>>13500779
I'm not entirely certain this is true.
In a free market system, in theory, the person who develops the cure gets the most business. Again, in theory, as the means and access to biotech grow, the ability for new market competitors should also expand - meaning that any conspiracy to hide cures among the mega-corporations have a shelf-life. While I will agree that a savvy corporation would not likely market a cure when they can market a treatment, this benefit lasts only so long as there is no reason for their competitors or upstarts to upset the market with a cure.
After all, if you can get treated or cured - which would you pay for?
Thus, I ask why it is medical competition does not release cures more frequently - and I believe there are two substantial factors. First is the FDA regulations. Because a business must front the costs to get a drug treatment through FDA inspection, there is a significant barrier to entry into the market.
Second is the nature of market patents. The only drug a company is going to sink time and money into clearing regulatory systems is a drug they can hold the exclusive rights to. This means that there is almost no incentive to use "multi-purpose" drugs for treatment.
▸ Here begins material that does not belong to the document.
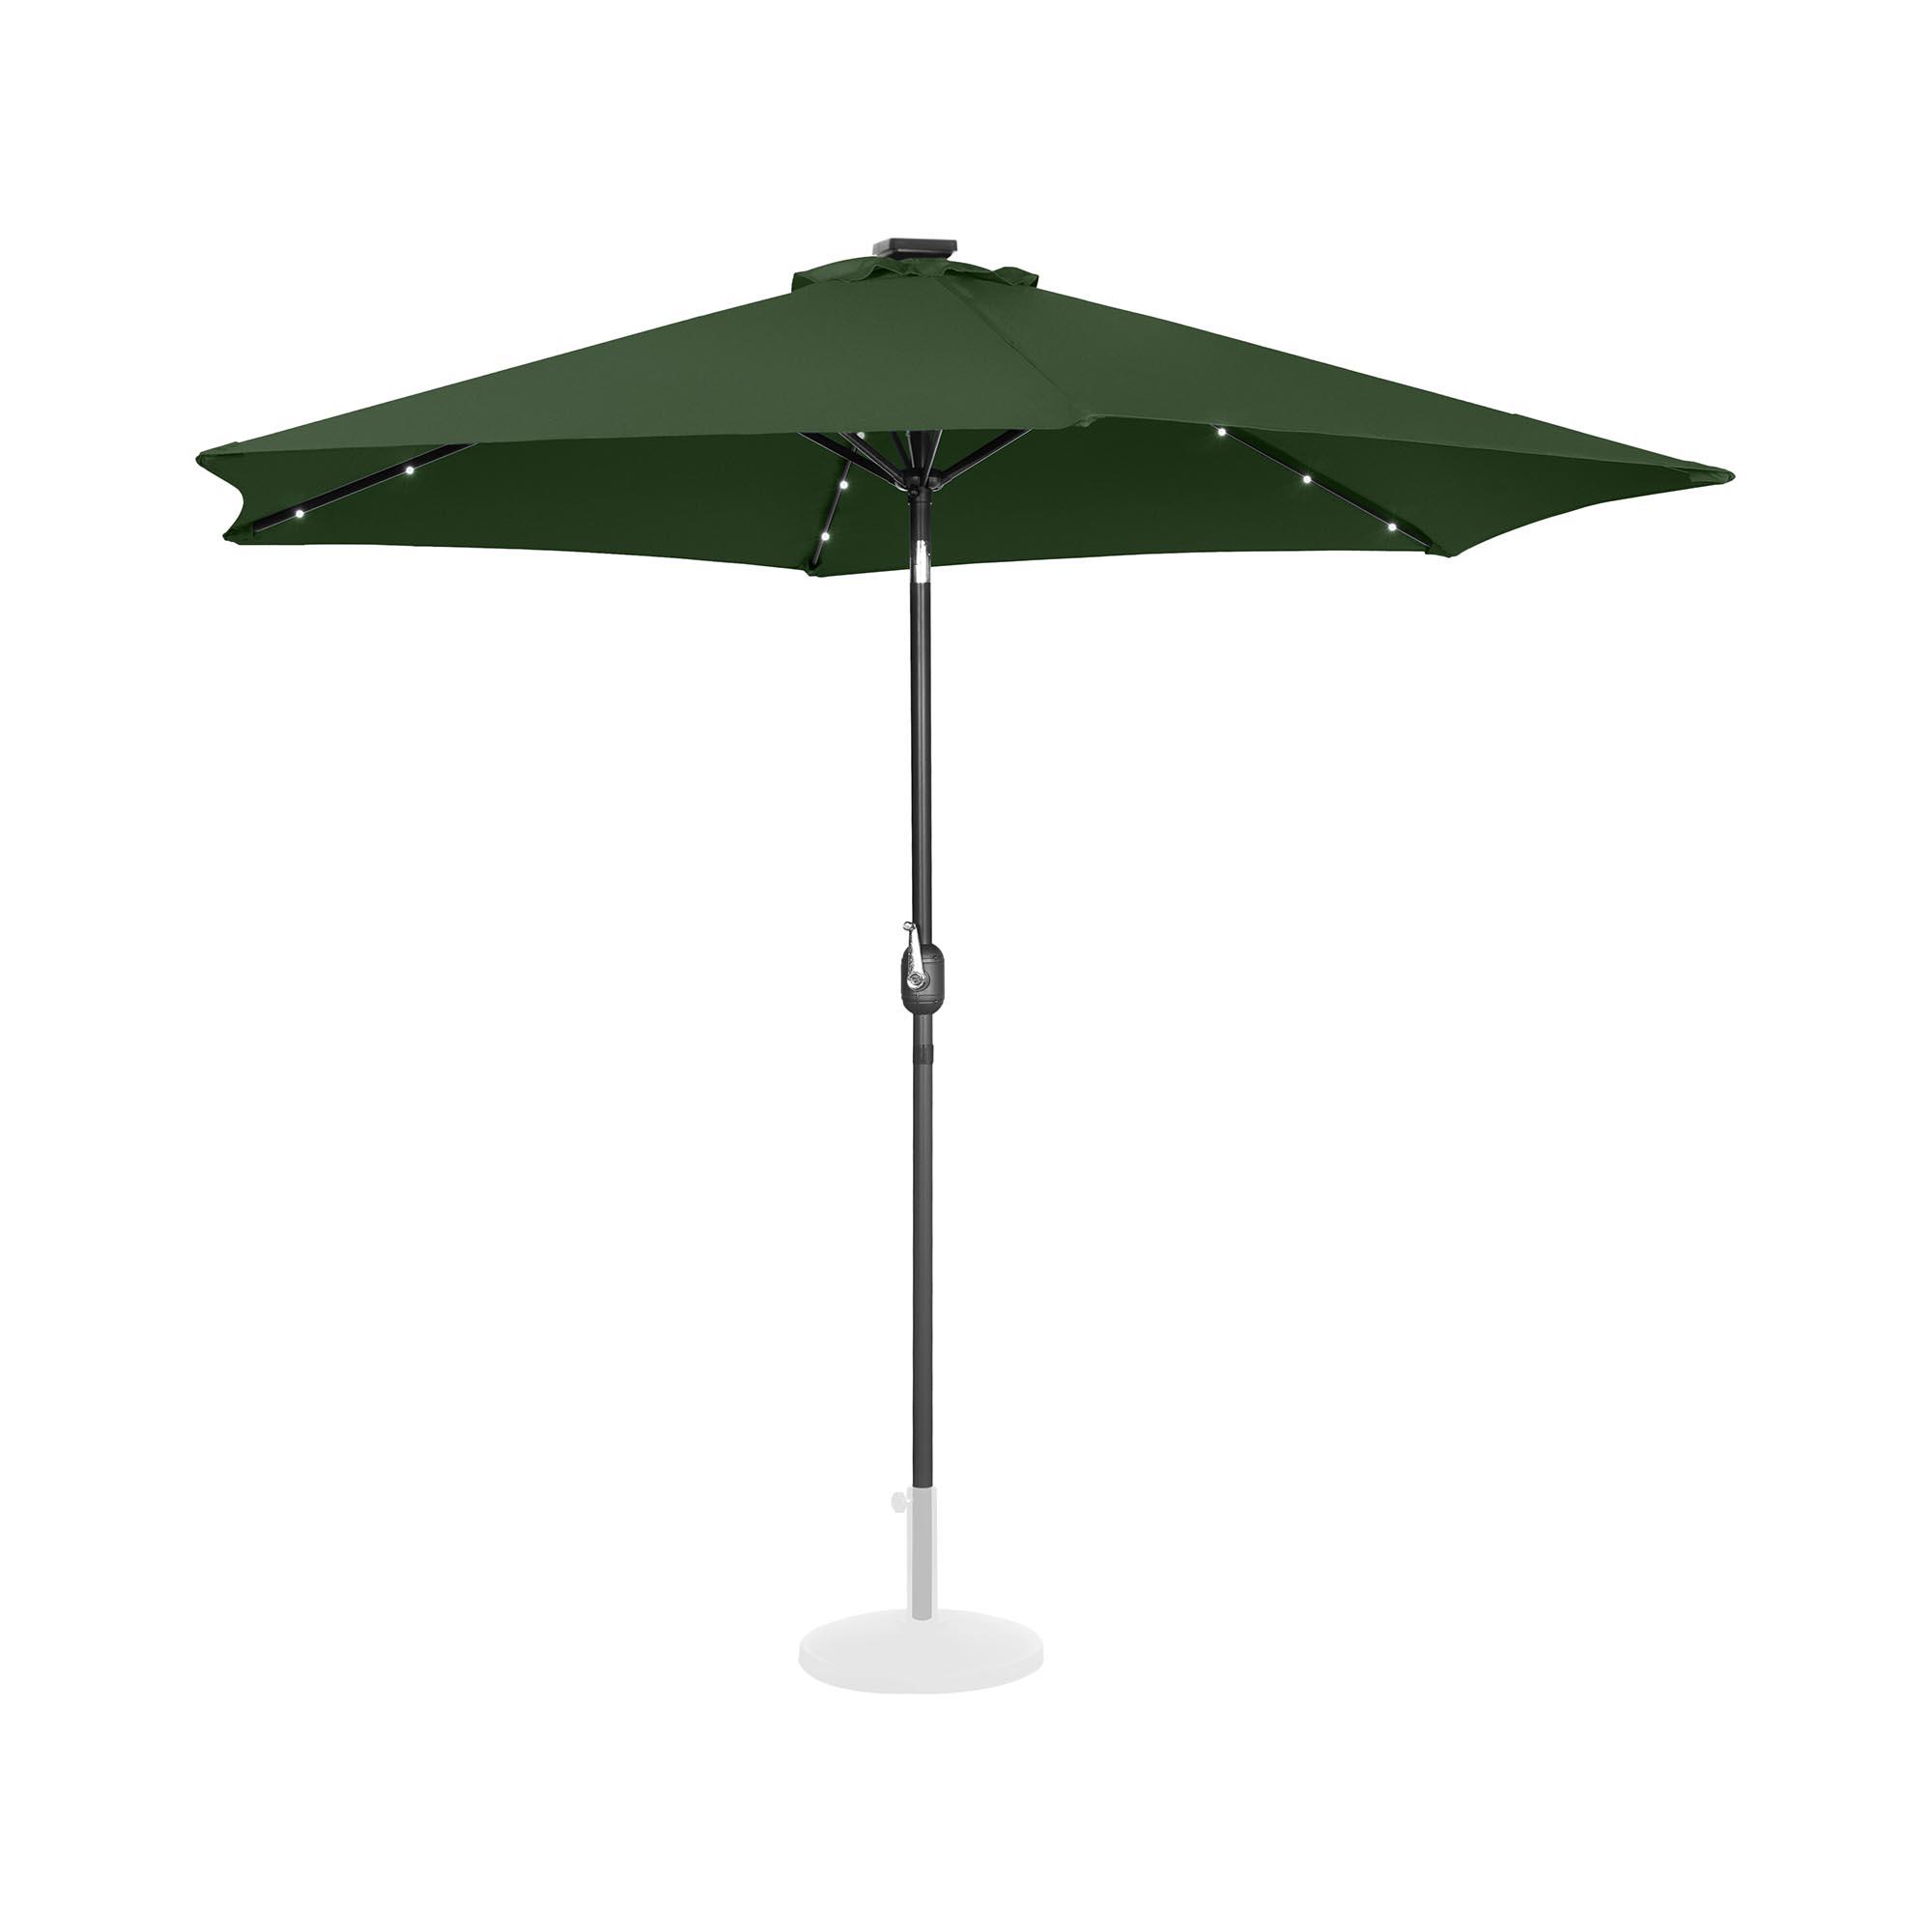 Uniprodo Sonnenschirm mit LED - grün - rund - Ø 300 cm - neigbar UNI_UMBRELLA_TR300GRL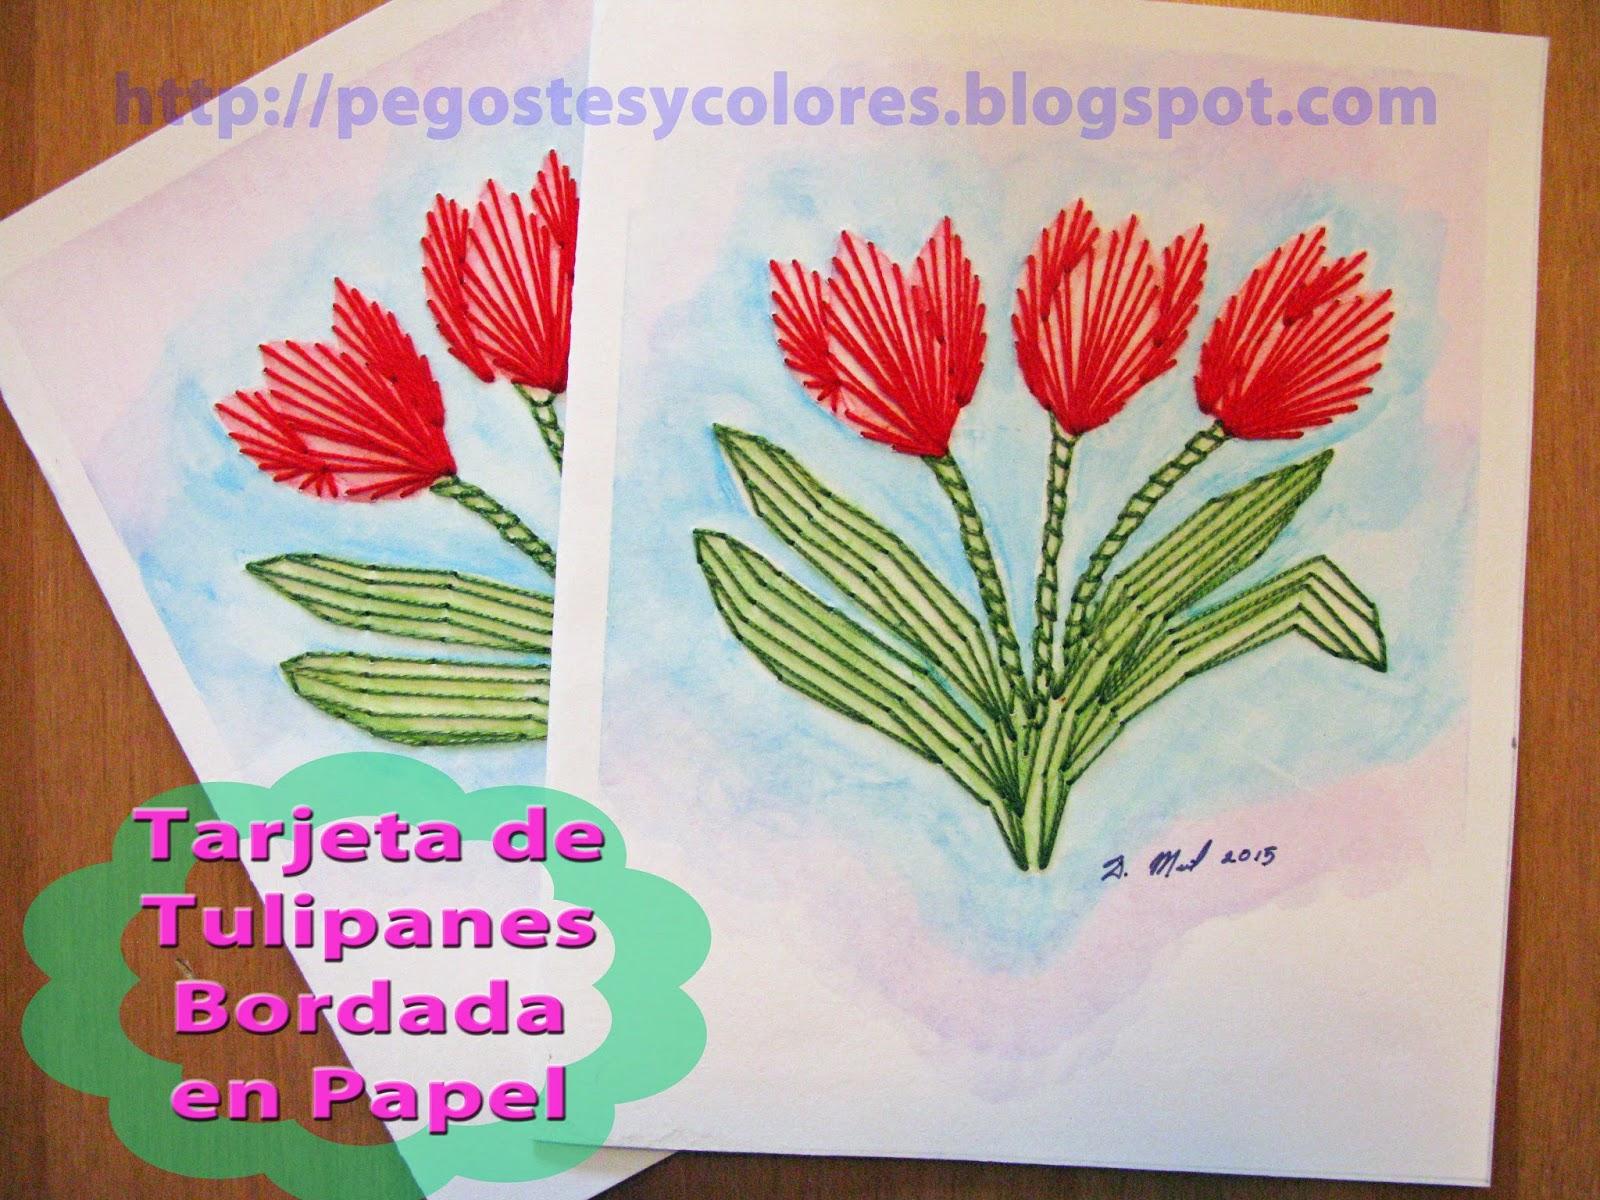 Pegostes y Colores: Tarjeta de Tulipanes Bordada en Papel

Because of how FDA rules work, even if a drug is very well studied with known toxicity, side effects, etc - a doctor cannot prescribe the medication for any diagnosed symptom or illness it has not already been approved for by the FDA. So, if a simple cough syrup could cure cancer, or something, but that syrup has no ability to be patented, the companies will not invest money into clearing regulatory hurdles to authorize it as a cancer treatment.
They will go out of their way to develop a whole new synthetic drug that does the exact same thing as some over the counter medicine - just to patent it and push it through as a treatment.
I am exaggerating to some degree, but the trials to clear a drug through the FdA are not cheap and rather than the market working to bring an effective product to the consumer at a reasonable price, the market works to develop an exclusive legal right to deny its production competitors access to the same market - because if I were to get aspirin approved as a cancer treatment at great cost to myself, then ANY aspirin from any manufacturer can be prescribed to a patient.
But if the drug that undergoes approval is a special one that I hold the patent to - then I can recover the costs of all development and approval. …. And possibly completely gouge the market.
Another aspect is that share holders of a company can never agree on much other than mutual profit for themselves. This will invariably create a corporate climate which, to get advanced, one creates profit at any expense to the business. Wages get frozen to fuel profit reports, workplace quality gets sacrificed, labor is exported. You even get such insane decisions as choosing to relocate manufacturing to the very countries executing industrial espionage and hosting state-sponsored competitors to their market.
If it gets a profit, it means more cocaine and more hookers. It is the common denominator among corporate share holders and every large corporation will inevitably be hollowed out by its owners when said owners can't actually own the business as an expression of their self.
Something to think about in the context of a democratic republic.